効かす突きの原理

2017/08/05


効かせる突きの本質はなんだろうか。
突きの威力を数値化するのは実は大変難しい。


良く、何百kgとか何トンというような表現を聞くことがあるが、これはスタティック(静的)な測度であってパンチ力を表現するには適さない。
物理量で言えば、運動量(質量✕速度)あるいは運動エネルギー(質量✕速度の2乗)が思い浮かぶ。

運動量は直感的に理解し易い、同じ重さであればスピードの速いパンチが効くだろう、同じスピードであればでかい(重い)拳が効くだろうという考えだ。
拳の重さが一定であれば、スピードのあるパンチを出す努力が効かすパンチを持つ最も効率的な鍛え方ということになる。

しかし話はそう簡単ではない。
拳の質量は拳単独のものではない。

拳に繋がっている腕、あるいは肩、上半身その他の質量も関わってくる。
ヒットした瞬間、拳から体までが一体となれば質量は増えたことになる。

物理的な観点でみるとこの一体が実は曲者で、関節という中途半端な繋がりを持つ拳と体の一体は重心一点で単純化した運動量や運動エネルギーでは正確に論じる事はできない。
伝統系のような審判規則では、実際に当てて効かせるという行為は反則になるのでもっぱら相手より速く拳を目標位置に運ぶという事が技術上の目的となる。

この場合、拳(を含めた一体化した体)の質量は問われないことになる。
フルコン(あるいは実戦)では当たっても効かなければ意味がないので、どうすれば破壊力のある実効的な突きになるかが問われるので、拳(を含めた一体化した体)の質量は重要な要素となる。

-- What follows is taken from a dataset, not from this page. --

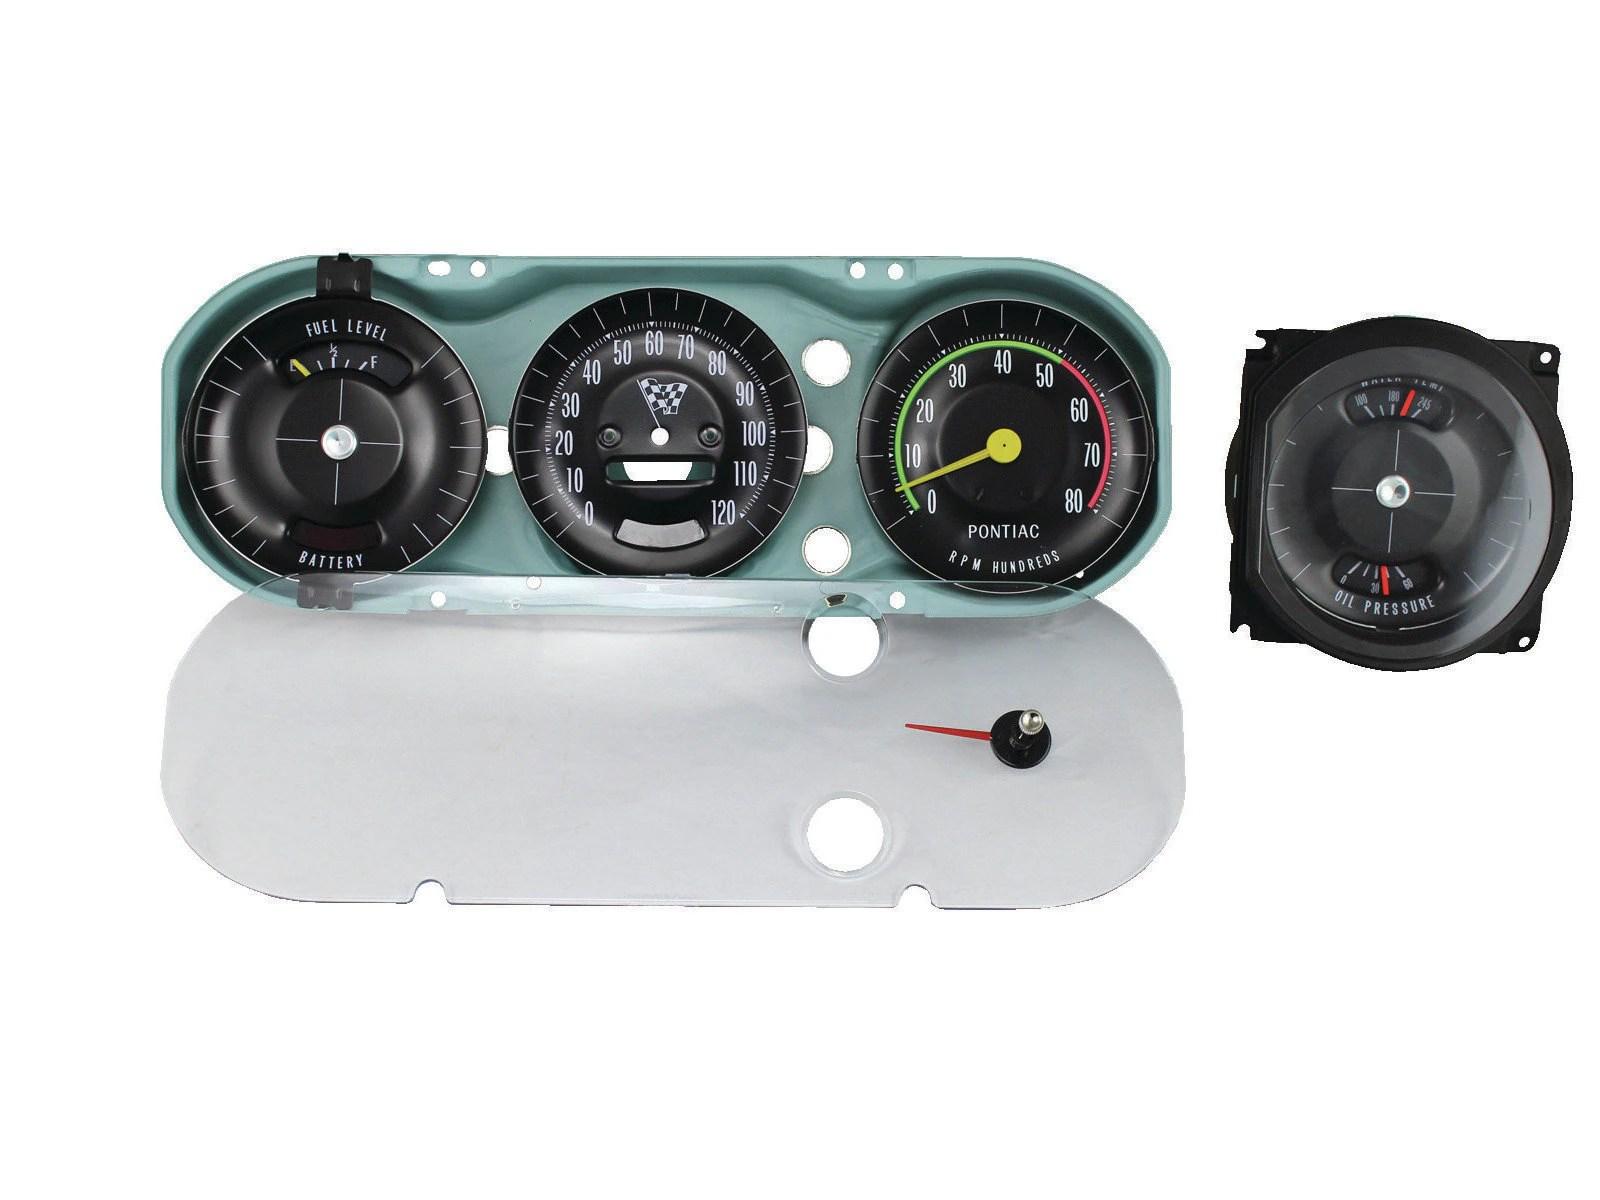 1965 gto rally gauges wiring diagram diagram database reg mix 1965 gto rally gauges wiring diagram 1967  [ 1600 x 1200 Pixel ]

問題はこの一体化した(と考えられる)拳の質量は可変か否か、また可変であればどのような課題、問題点があるのかということになる。
これは、経験則とも一致するのであるが、感覚的に一体化した重い突き、と拳のみの軽い突きは空手家あるいはボクサーであれば打ち分ける事ができる。

重い突きを出すにはスピードは多少犠牲になるし、スピードに特化すれば重い突きではなくなる。
理想は、スピードは落とさず、当たった瞬間は体と一体化して質量が増すような突きが一番良いことになる。

定性的にはこれは正しいが、これの最適値を定量的に把握するのが実に難しい。
私の空手人生を技術面に絞って言えば、この「効かす」という事を如何にすれば定量的に捉えることができるか。

その定量値を増やすためにはどのような訓練、心構え、意識を持てば良いのか、これの探求だったと言える。
そしてこの探求はまだ現在進行形でもある。

現時点で言えば、仮に質量が一定の場合、効き具合を表す物理量は「運動量」ではなく「運動エネルギー」の方に近いだろうと思っている。
運動量がどれだけ大きくても打撃のスピードがある一定値を下回れば、人体には効かないからだ。たとえは1トンの鉄の塊でも秒速1cmのスローモーションのような打撃では全然効かない。こき重さであれば運動量はかなりのものである。

速度が倍になれは効き方は倍ではない。運動エネルギーのように速度が2倍になればエネルギーは4倍という定義の方がパンチの効き方としては感性に合致する。
ではスピードを倍にすれば重さは1/4で同じ効き目かは言うとこれはエネルギー的には等価であっても実感とはちょっと違う。

これくらいバンチ力の定義は難しいのだ。